Another table might describe a purchase order, including fields for information such as customer, product, sale price, date, etc. In some multi-tenant database systems, standard entity tables might be provided for use by all tenants. For CRM database applications, such standard entities might include tables for Account, Contact, Lead, and Opportunity data, each containing pre-defined fields. It should be understood that the word “entity” may also be used interchangeably herein with “object” and “table”.
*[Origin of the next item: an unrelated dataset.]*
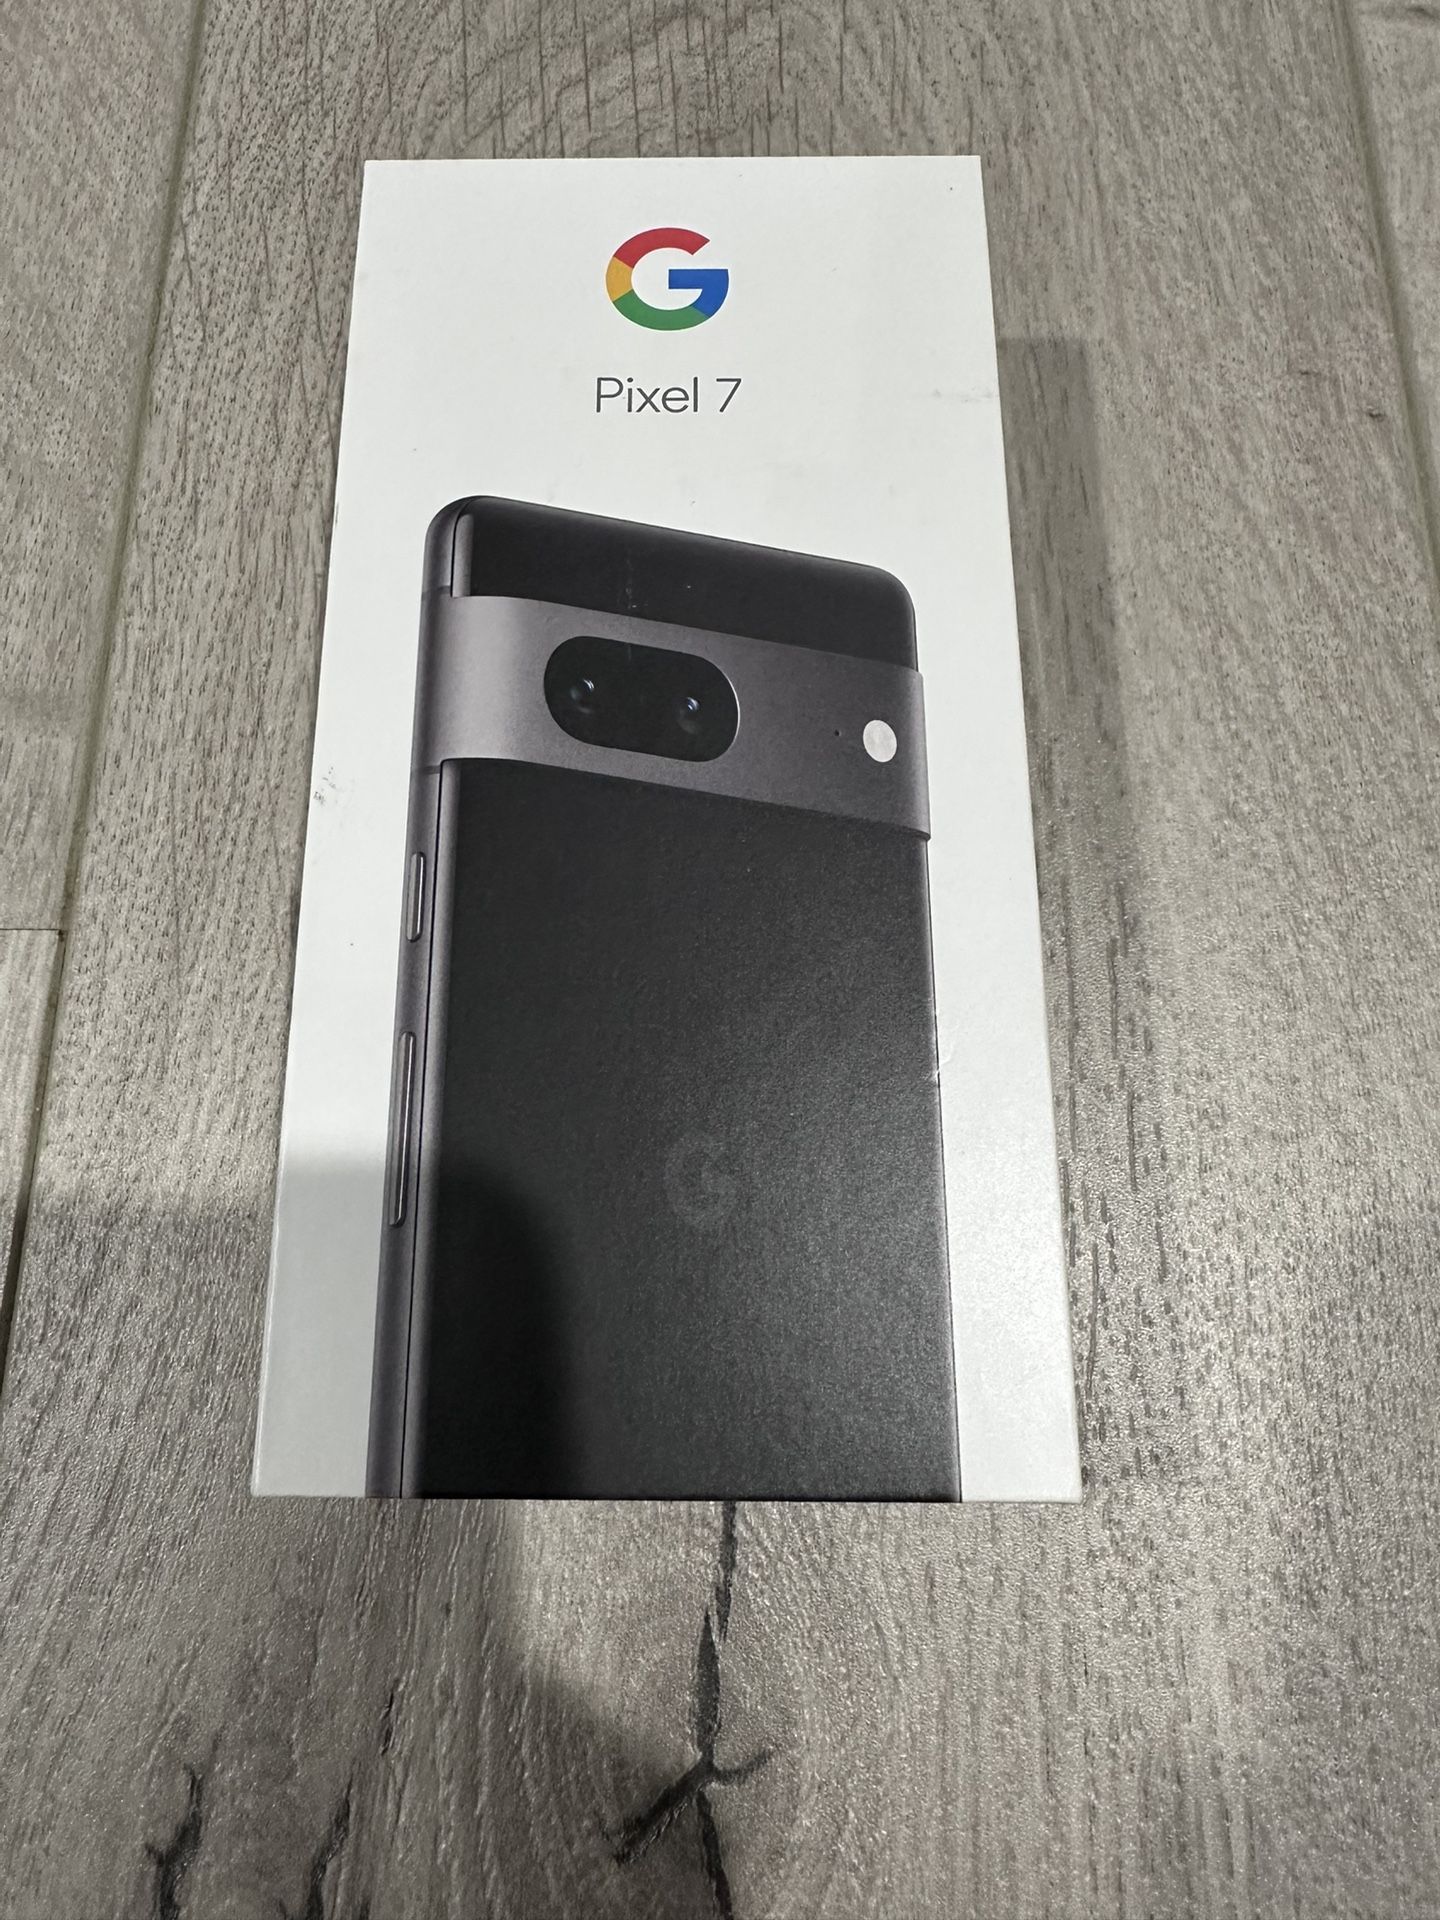 NEW Google Pixel 7 Phone (UNLOCKED, Latest Model)
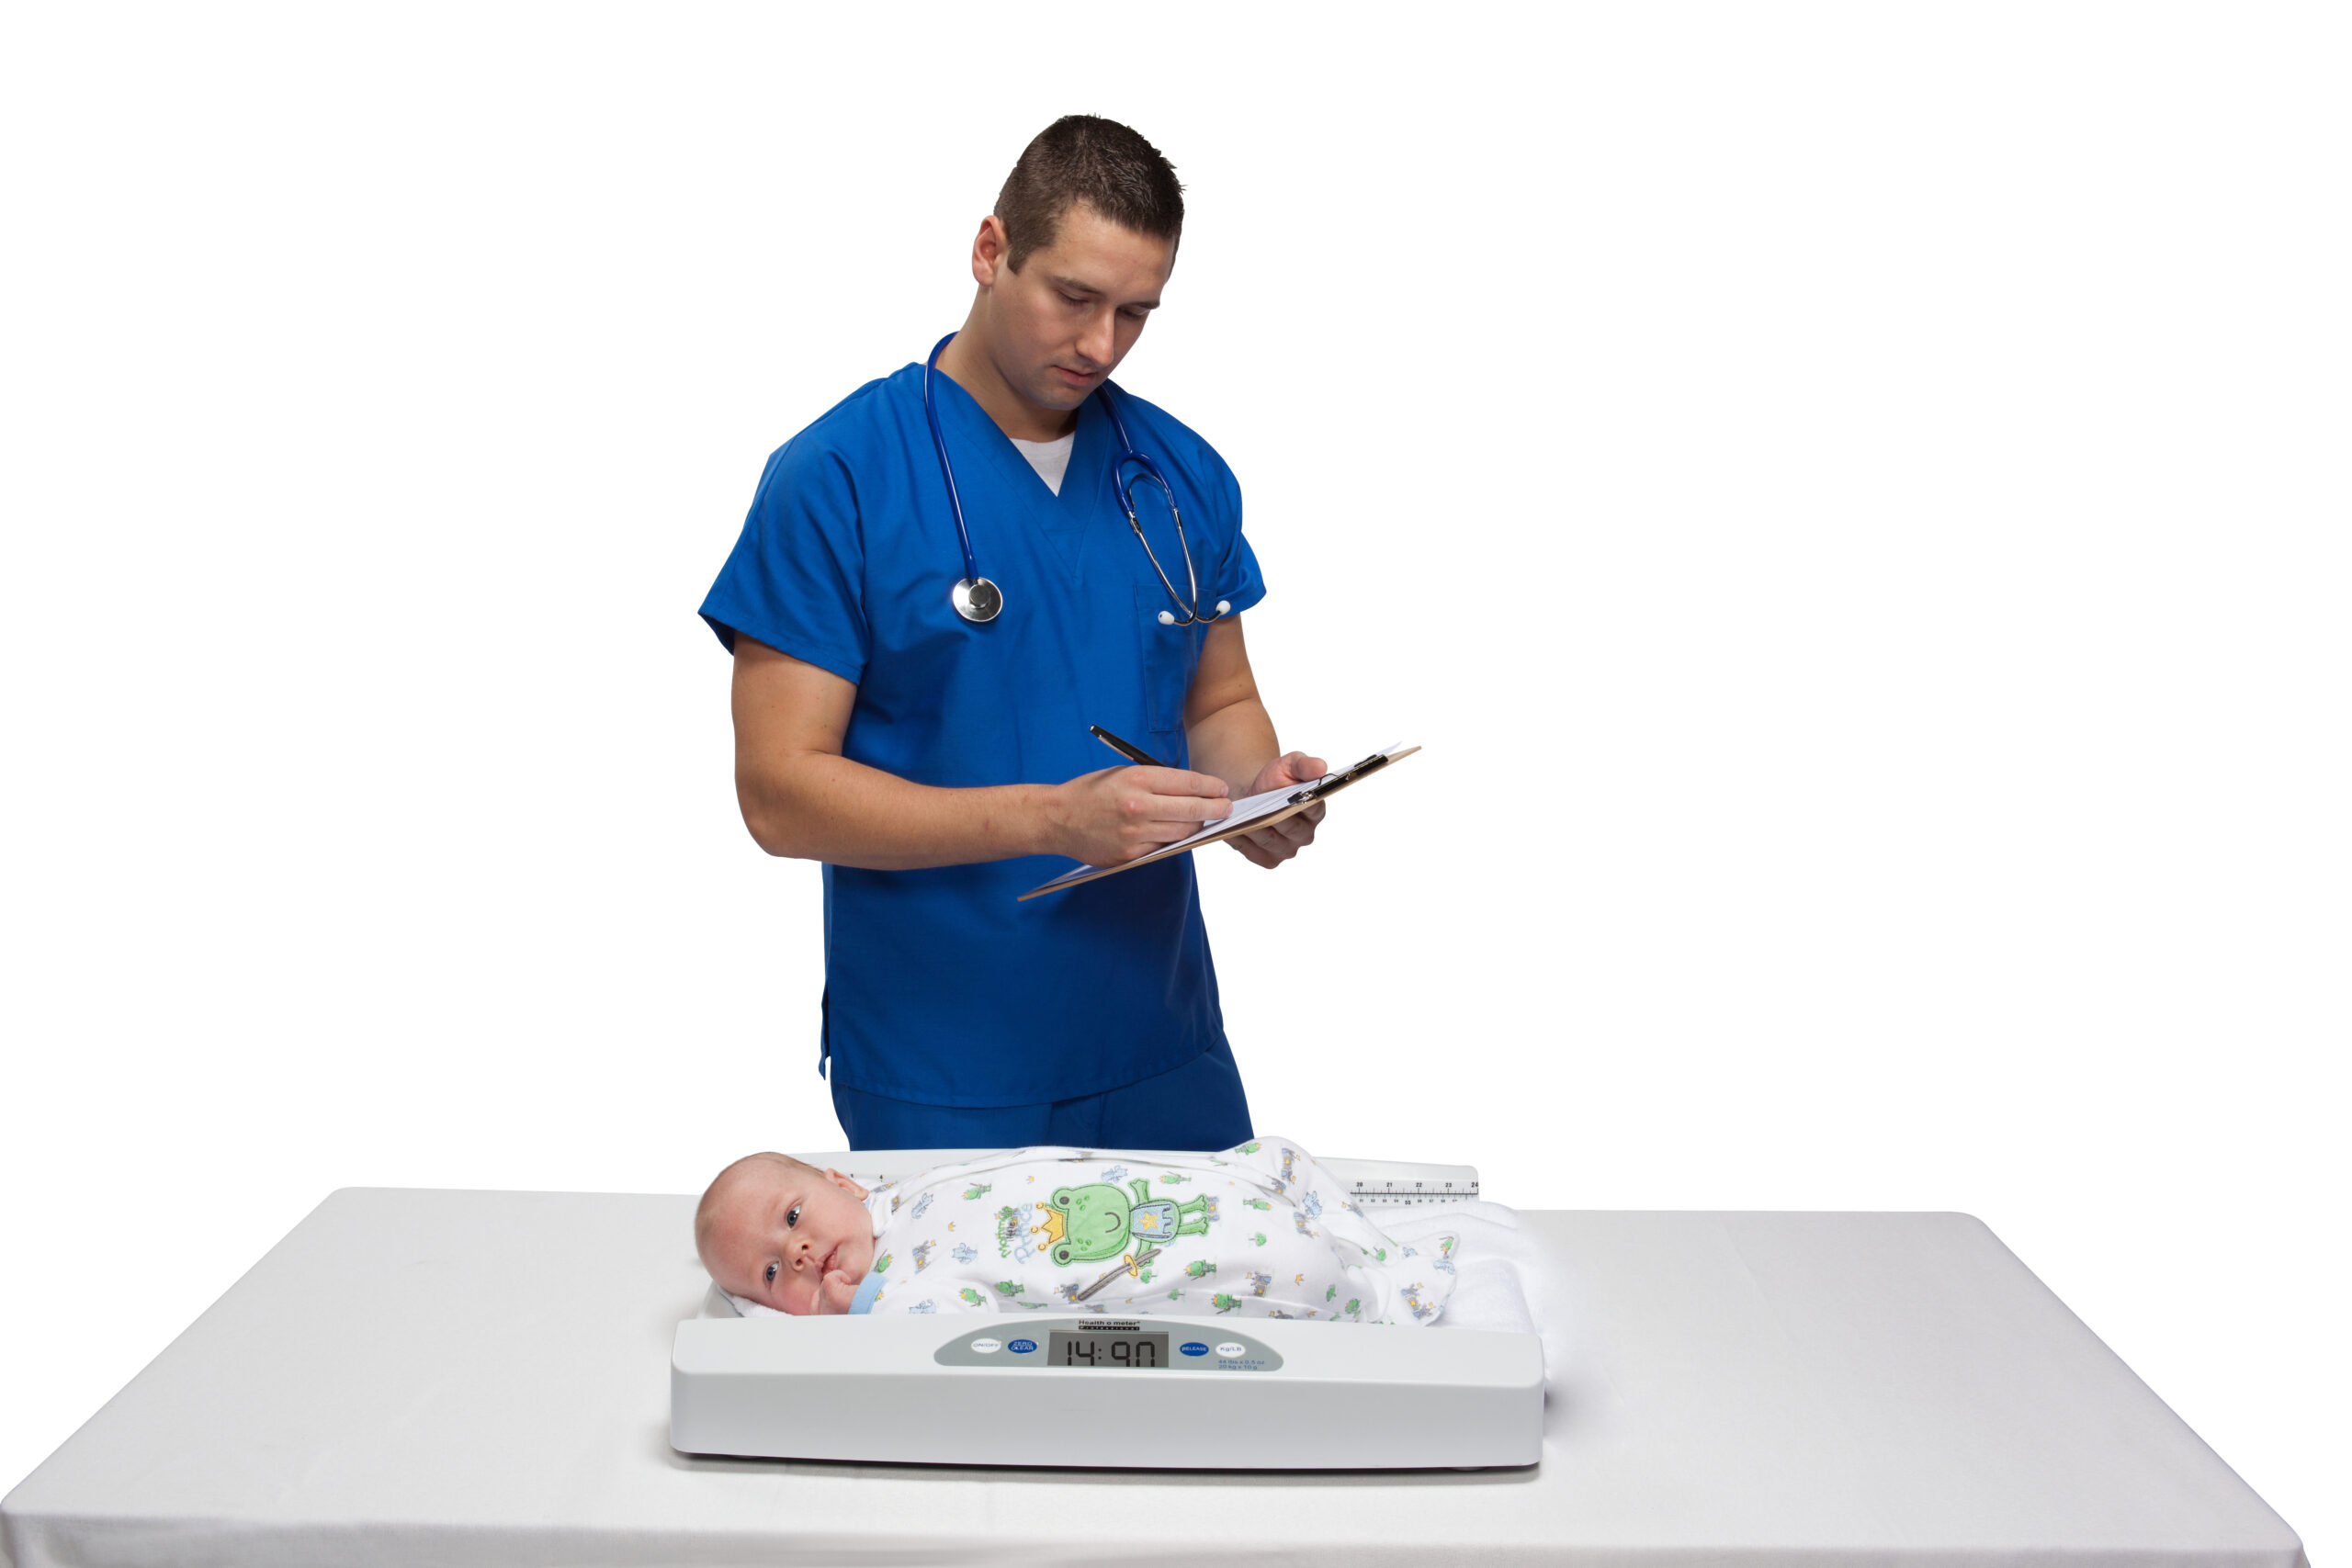 Health O Meter Digital Pediatric/Infant Scale: 2210KL - Venture

In some multi-tenant database systems, tenants may be allowed to create and store custom objects, or they may be allowed to customize standard entities or objects, for example by creating custom fields for standard objects, including custom index fields. U.S. Pat. No. 7,779,039, filed Apr. 2, 2004, entitled “Custom Entities and Fields in a Multi-Tenant Database System”, which is hereby incorporated herein by reference, teaches systems and methods for creating custom objects as well as customizing standard objects in a multi-tenant database system. In certain embodiments, for example, all custom entity data rows are stored in a single multi-tenant physical table, which may contain multiple logical tables per organization. It is transparent to customers that their multiple “tables” are in fact stored in one large table or that their data may be stored in the same table as the data of other customers.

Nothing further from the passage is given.